Мы вашему батьке скажем, что Ратмир — охотник вольный, пушниной промышляет да дичью всякой. Еще они с пчелами договариваться умеют, не как Рогдай-медвежатник, конечно, у них по-другому заведено: колоды вдоль околицы деревни ставят, и там пчелы и живут, кучно. Но у медвежатника-то медок повкуснее, конечно. — Марыся облизнулась.
— А как вдруг он, Ратмир, тут оборачиваться начнет?
— Ну, на полнолуние уезжать будет — как бы на охоту иль по делам торговым, а от внезапного переворота — тут что-то крепкое надобно, пока не разумею. У Вадика спрошу, он поболе меня живет, поболе знает.
— Ай да Марыська! Ну ты и хитра! Ну ты и крута! — Катерина аж по бедрам себя хлопнула от воодушевления.
— А то!.. — степенно огладила сарафан на животе Марыся. — Была б простовата, до сих пор у папеньки на болоте бы сидела!
— Ах, Марысечка, ах, душечка, я такую рубаху тебе вышью! И сарафан! И кафтан супружнику твоему, водянику! — Любава разрумянилась, всем сердцем испытывая радость и облегчение.
— Да ладно, чего уж там… Щас-с как полнолуние пройдет, так добегу до Ратмировой родни, посудачим.
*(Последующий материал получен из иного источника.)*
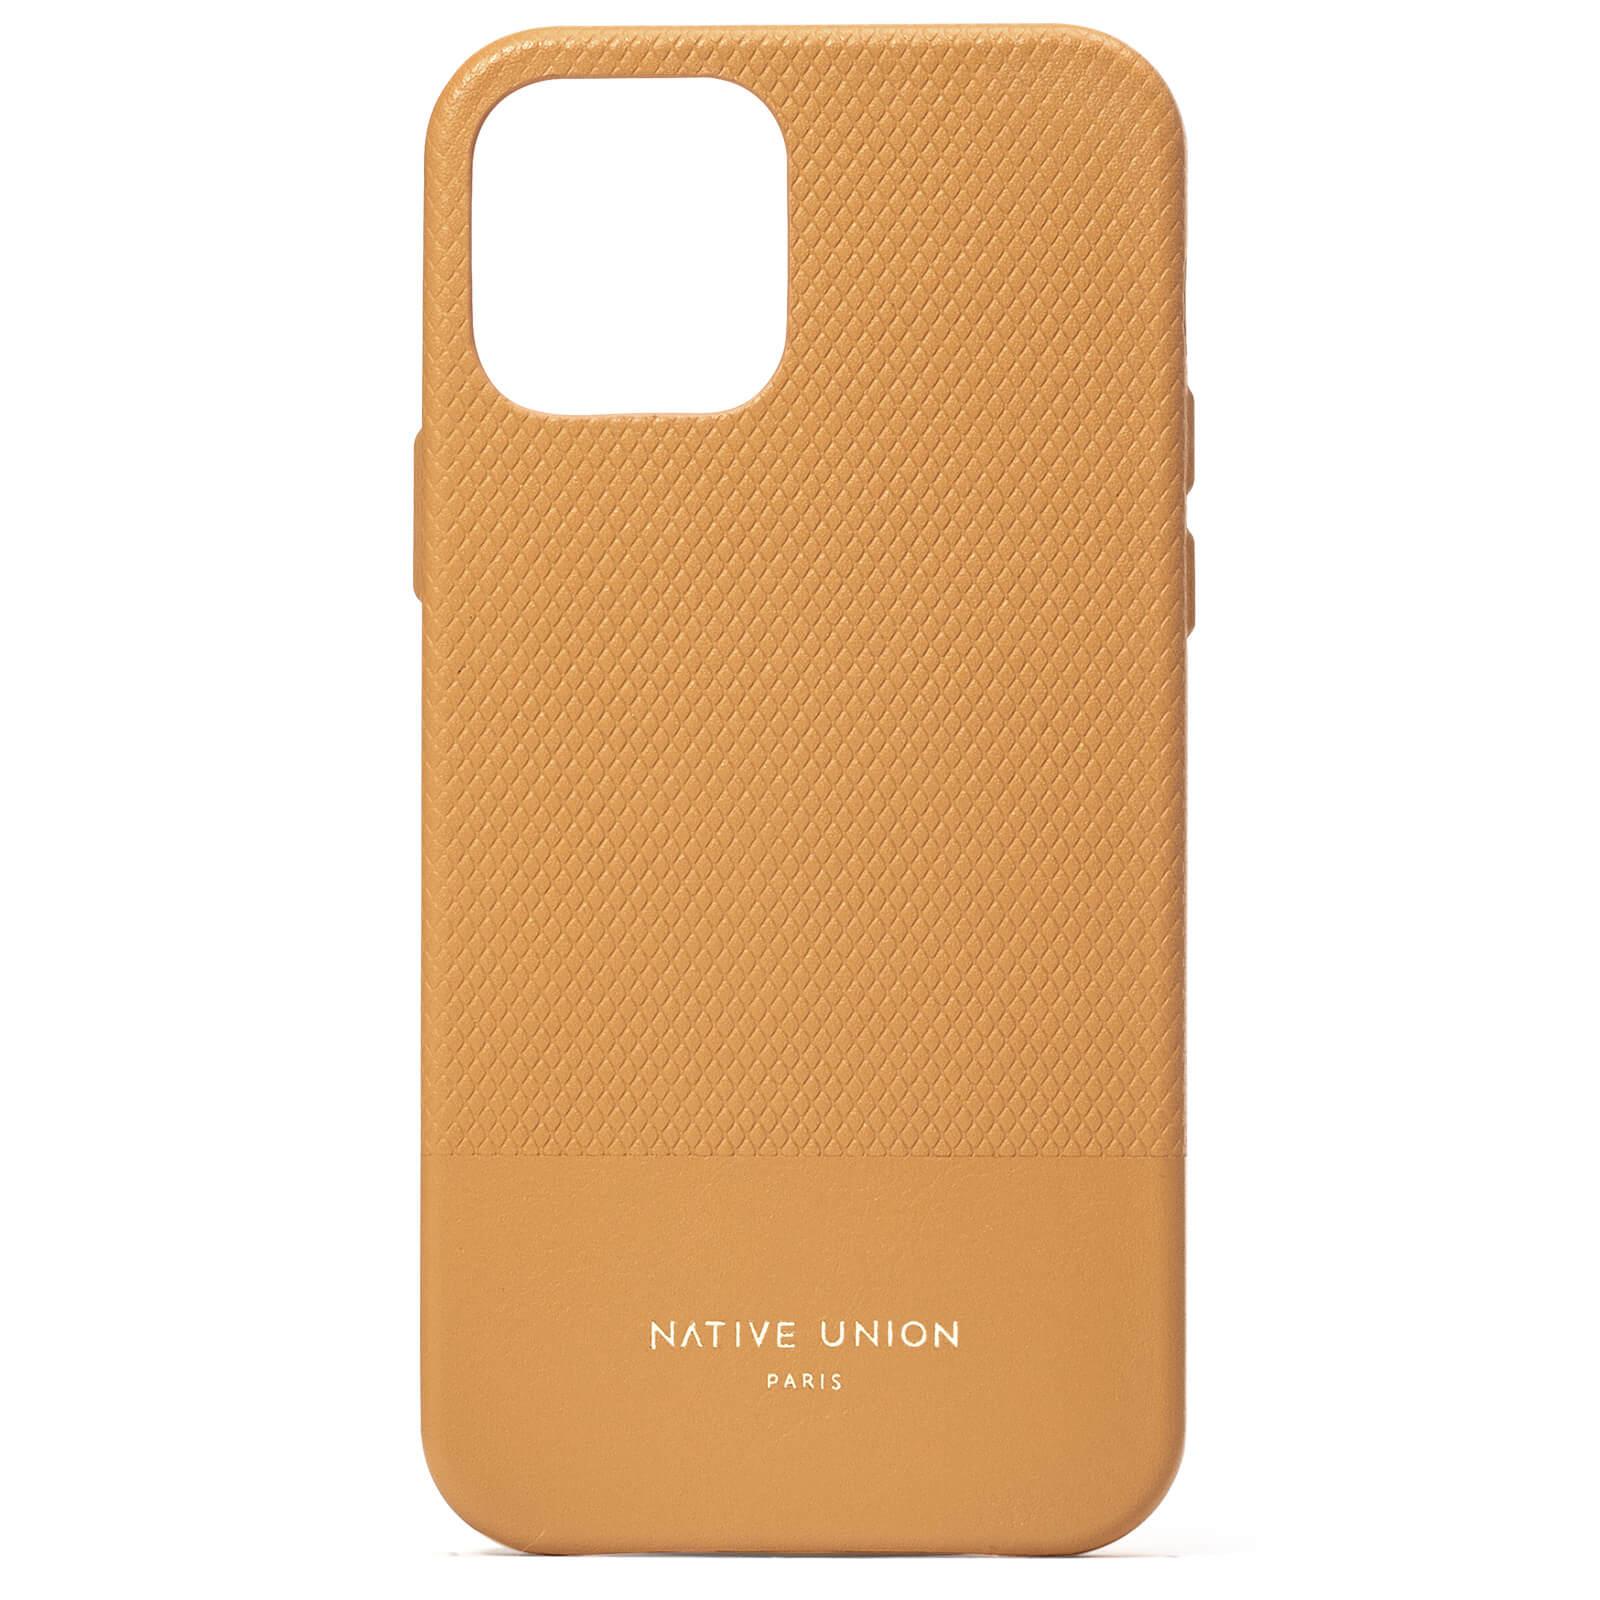 Native Union Clic Heritage iPhone Case - Ocre - iPhone 12/12 Pro

У тебя, девка, сроки-то терпят? Вижу, что терпят… Мне рубаху и сарафан васильками лазоревыми расшей, а Вадику кафтан да рубаху петухами, красными!
— Ой, Марысенька! Конечно, вышьет, а я вот скрою́ да сошью… И хозяину твоему рубаху… Чем тебя еще благодарить?..
— Ой, ну что вы, — как бы и засмущалась Марыся. — Вот если только медку… липового… И медовушки…
— Ой, конечно, медку! Сейчас я, сейчас! И медку, и медовухи с подполу достану!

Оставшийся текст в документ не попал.